Sunday, September 24, 2017

Is Trump mentally ill? Or is America?


I suspect that future historians will long ponder what level of insanity prompted Americans - thanks to an Electoral College that lacked the courage to fulfill the Founder's design to protect the country - to put Donald Trump in the White House (I refuse to utter his title before his name because dishonors the office). At the same times, those future historians will likely ponder the precise form of Trump's serious mental disorders that put the both America and the world at risk).  The Washington Post reviews some new books by mental health experts that collectively conclude that Trump is dangerous and either mentally ill or at best a very horrible person.   As for Trump's supporters, sadly in my view, they fall into that latter category, if not the first.  Here are highlights from the review:
Gone are the days when euphemisms about President Trump’s mental health insulated the man like so many padded walls. 
ErraticUnpredictableUnstableUnmooredTemperamentally unfit. This was what politicians and commentators said when they wished to question Trump’s state of mind but feared the consequences of a more colloquial assessment. Yet the deeper we plunge into this presidency, the more willing people become to call it like they see and hear it.
Now, some psychiatrists and other mental-health professionals are shedding long-held norms to argue that Trump’s condition presents risks to the nation and the world. “The Dangerous Case of Donald Trump” features more than two dozen essays breaking down the president’s perceived traits, which the contributors find consistent with symptoms of narcissistic personality disorder, sociopathy and other maladies. “Collectively with our coauthors, we warn that anyone as mentally unstable as Mr. Trump simply should not be entrusted with the life-and-death powers of the presidency,” Judith Lewis Herman of Harvard Medical School and Bandy X. Lee of the Yale School of Medicine write in the book’s prologue.
If so, what should we make of the nation that entrusted him with precisely such powers? In his new book, “Twilight of American Sanity,” psychiatrist Allen Frances asserts that Trump is not mentally ill — we are. “Calling Trump crazy allows us to avoid confronting the craziness in our society,” he writes. “We can’t expect to change Trump, but we must work to undo the societal delusions that created him.”
[D]epending on which of these books you trust — and their persuasive powers vary considerably — you might conclude that Trump is of unsound mind, or that we’re the deranged ones for electing him, or that America has always been disturbed, with Trump’s presidency just the latest manifestation.  And here’s the really crazy thing: These options are not mutually exclusive.
[C]ontributors argue that Trump’s behavior — his political statements and actions as well as his interviews, books and social-media activity — suggest more ominous possibilities.

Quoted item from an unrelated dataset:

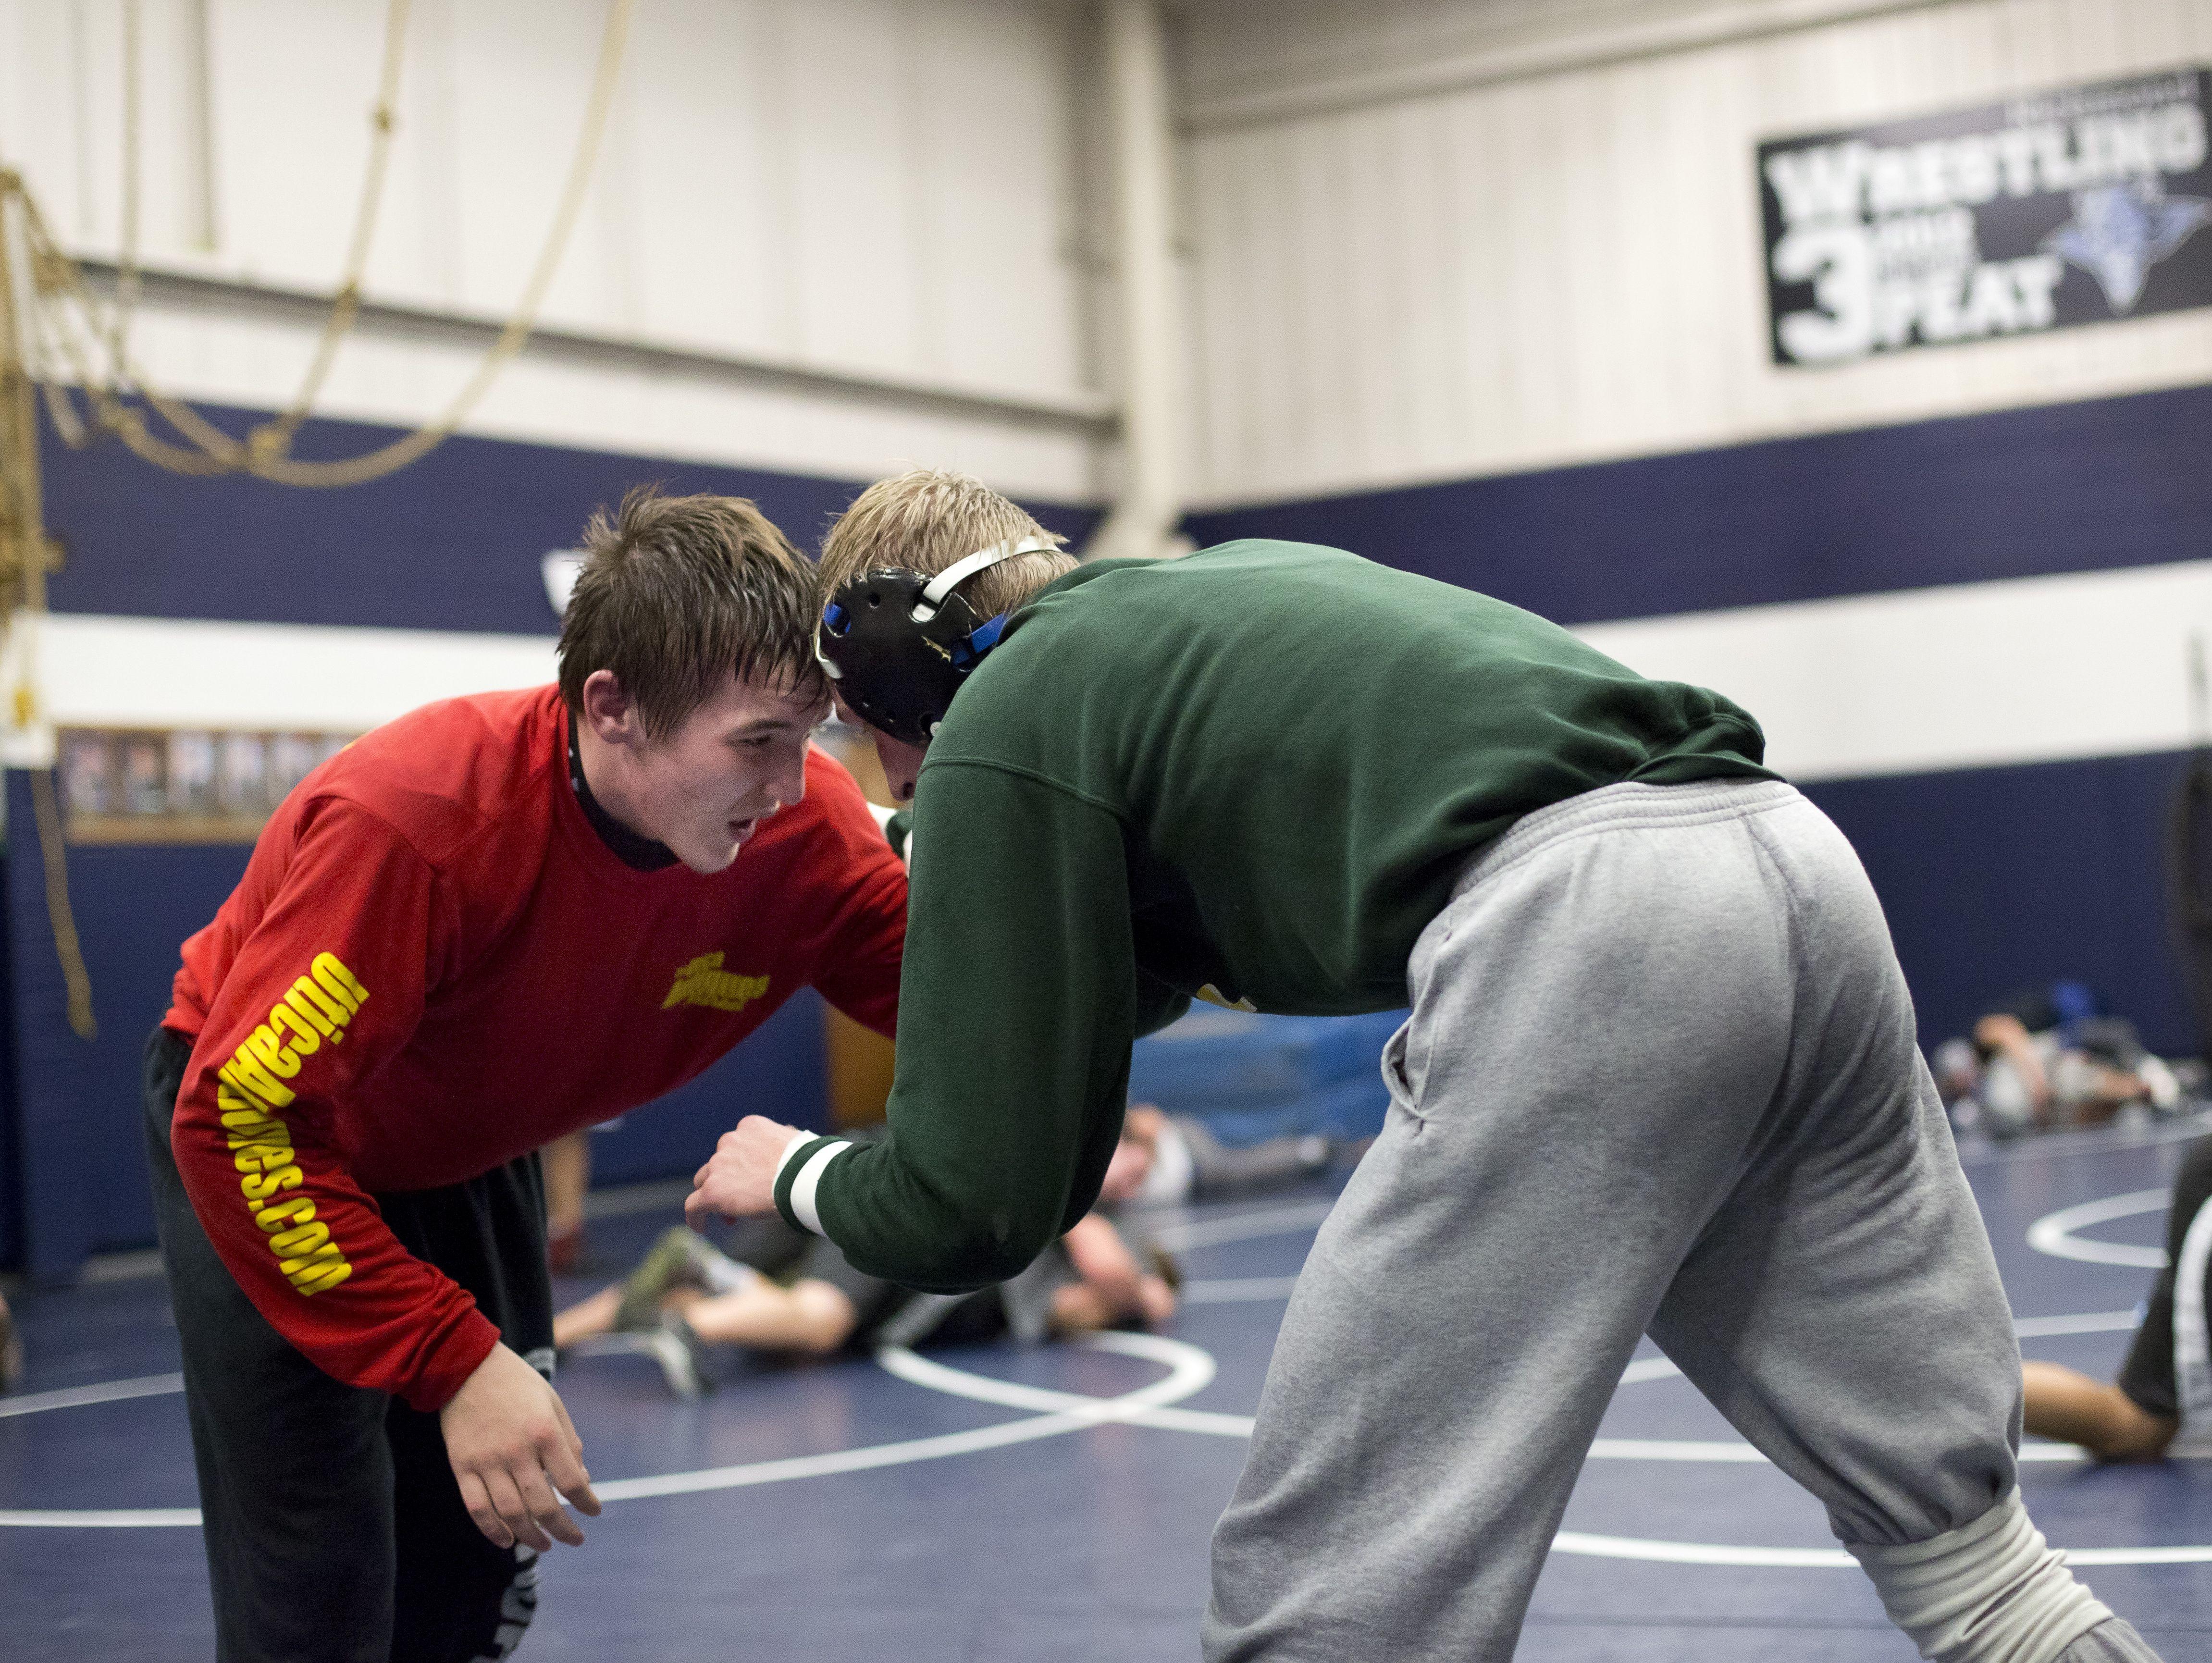 Richmond freshman Eric Barr and senior Graham Barton wrestle during wrestling practice Friday, Dec. 4, 2015 at Richmond High School.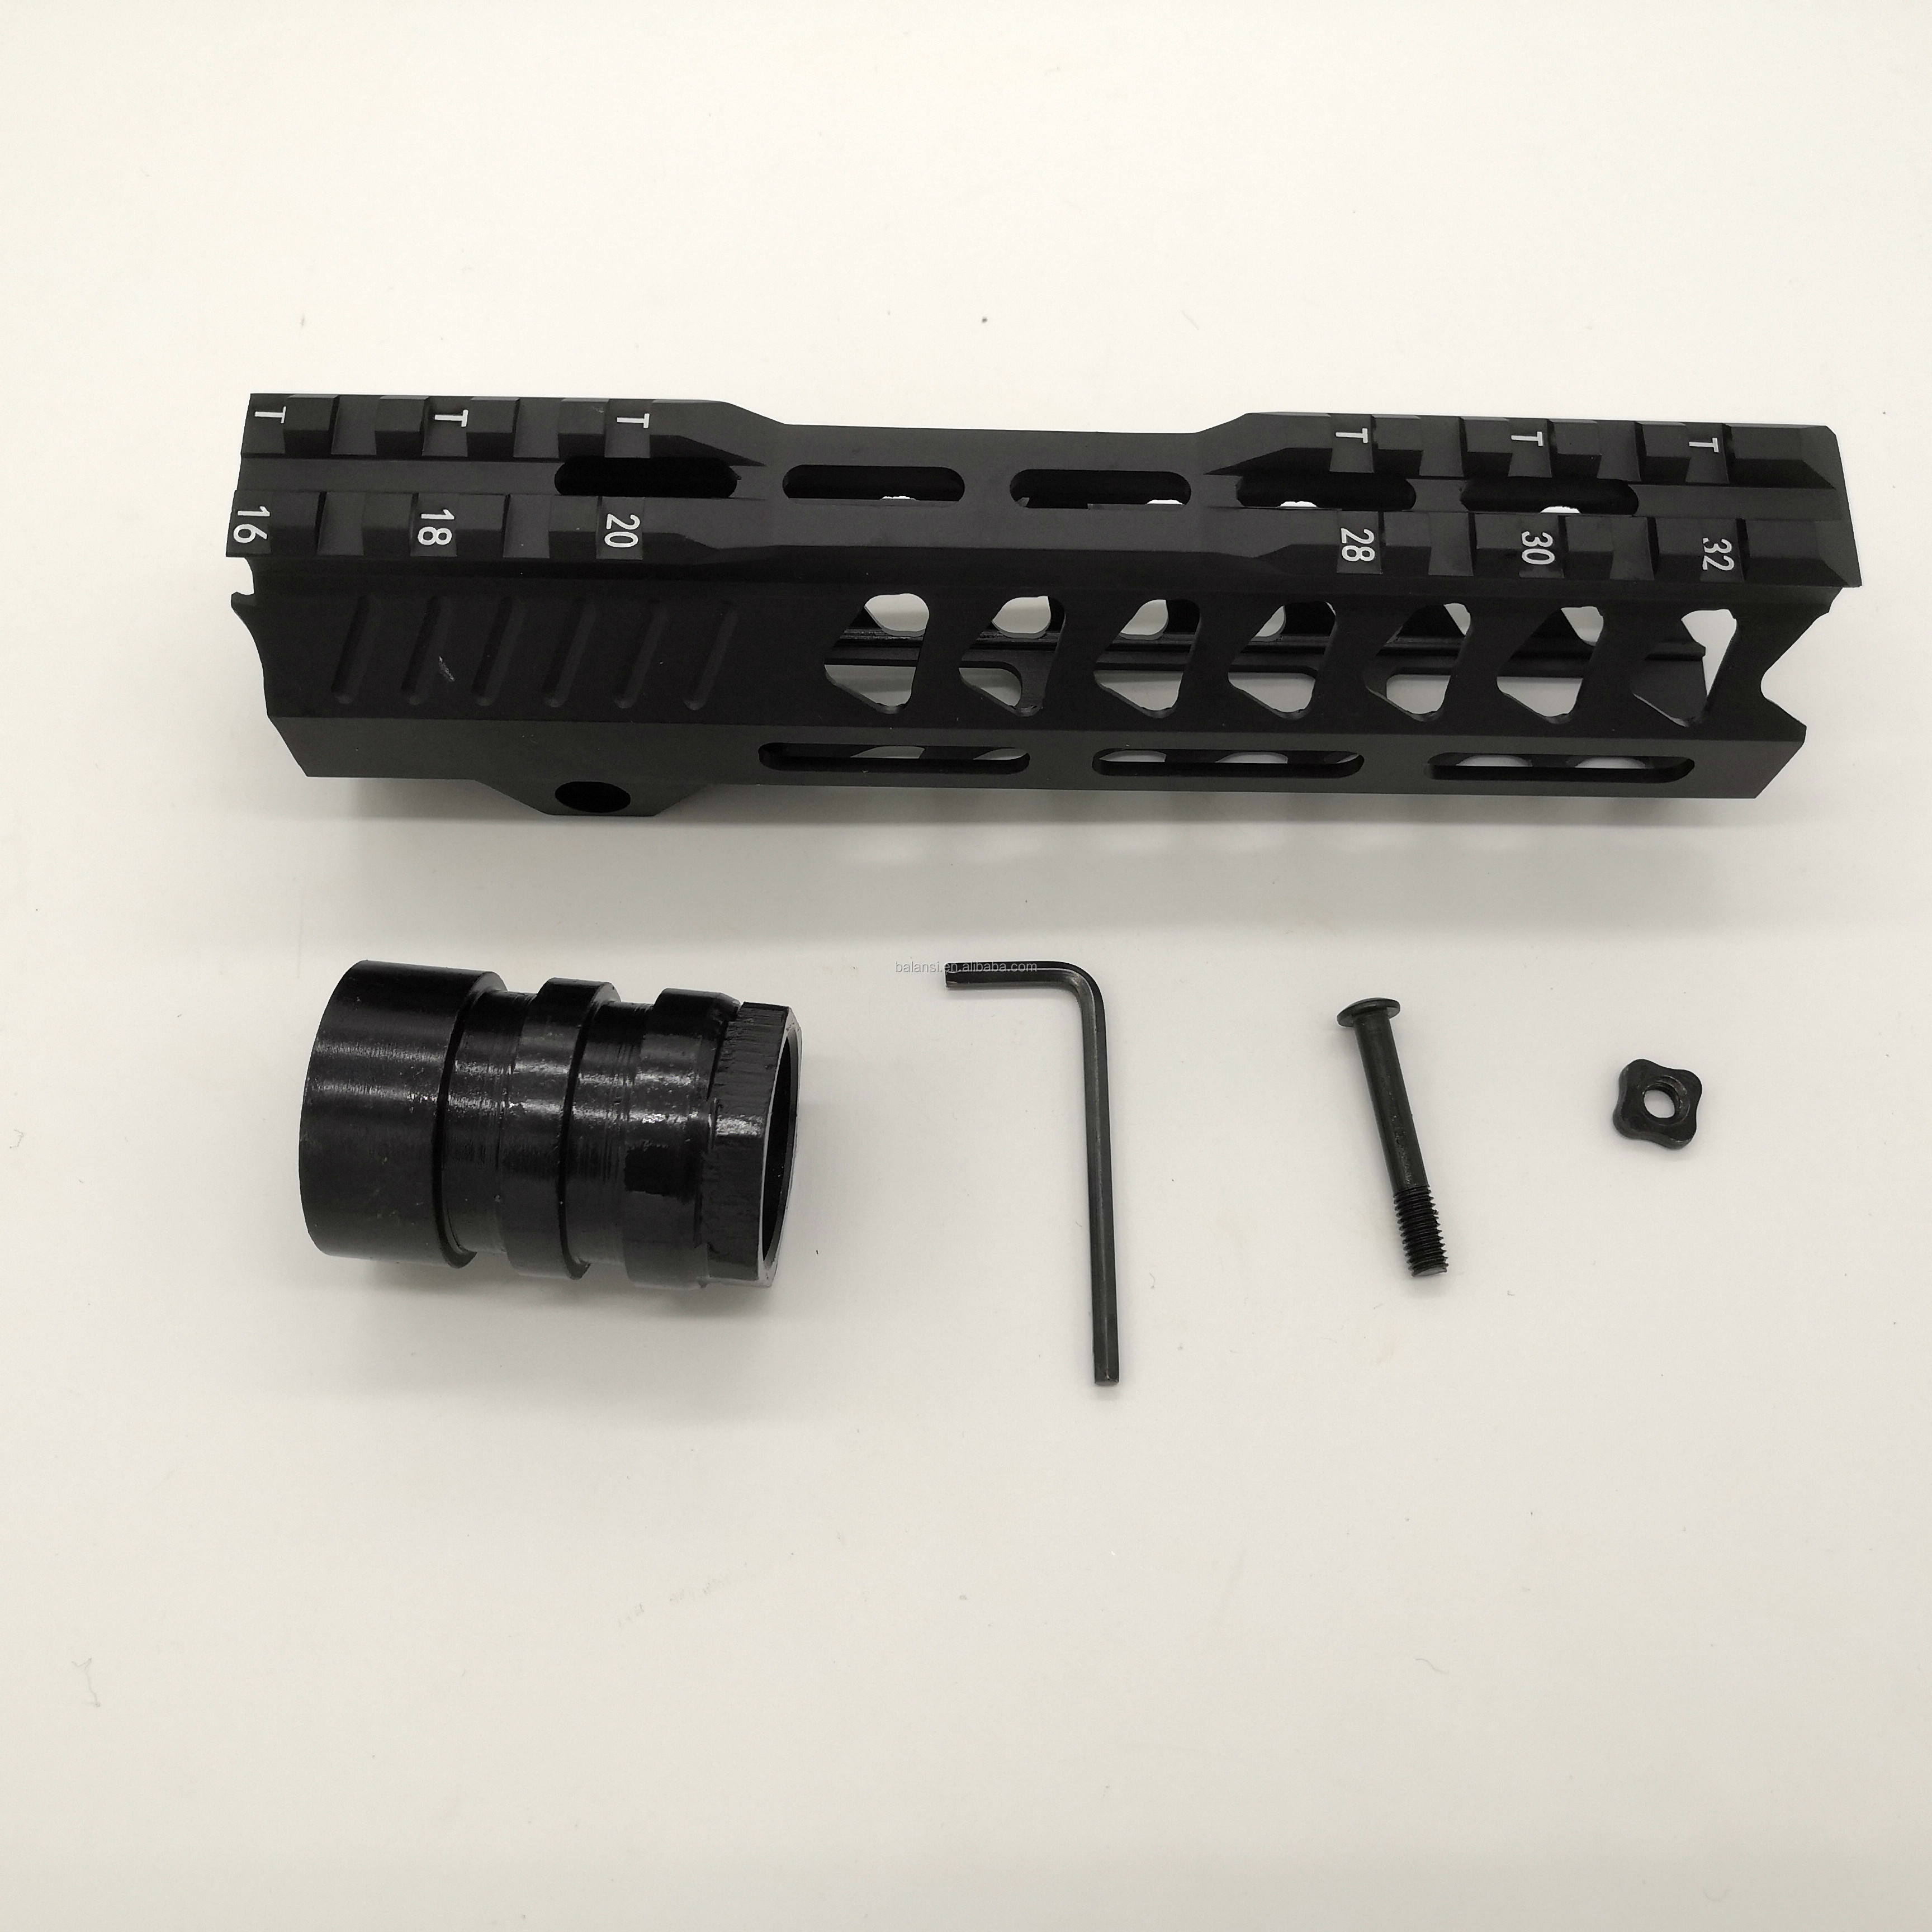 7 inch tactical ar15 .223 5.56 mlok handguard Free Float Super Slim ar 15 Handguard Quad Rail steel Nut for AR15 M4 M16, Black

Trump displays signs of “extreme present hedonism,” the tendency to live in the moment without considering consequences, seeking to bolster one’s self-esteem no matter the risk. Or he exhibits “narcissistic personality disorder,” which includes believing you’re better than others, exaggerating your achievements and expecting constant praise. Combine hedonism, narcissism and bullying, and you get “an impulsive, immature, incompetent person who, when in the position of ultimate power, easily slides into the role of the tyrant,” Philip Zimbardo (of the famous Stanford prison experiment) and Rosemary Sword write. Others suggest that Trump shows indications of sociopathy, including lack of empathy, absence of guilt and intentional ma­nipu­la­tion. Put it all together and you have “malignant narcissism,” which includes antisocial behavior, paranoid traits, even sadism.
Over time these characteristics will only become worse, either because Mr. Trump will succeed in gaining more power and more grandiosity with less grasp on reality, or because he will engender more criticism producing more paranoia, more lies, and more enraged destruction.” And when the president stands before the U.N. General Assembly and threatens to “totally destroy” an enemy country of 25 million people, enraged destruction seems on point.
The volume’s contributors take solace in Tarasoff v. Regents of the University of California, a 1976 casein which the California Supreme Court held that mental-health experts have a responsibility to speak out when they determine that someone poses a physical danger to others. 
In the final chapter, psychiatrists Nanette Gartrell and Dee Mosbacher call for an independent panel to evaluate Trump’s fitness for office, and they urge Congress to pass legislation ensuring that future presidential and vice-presidential candidates undergo evaluations. I would not want Tansey, for one, serving on that body. Wouldn’t dream of it.
We are living in very frightening times to say the least.  We can only hope that Mueller does his work quickly and can not only take down Trump but Pence as well.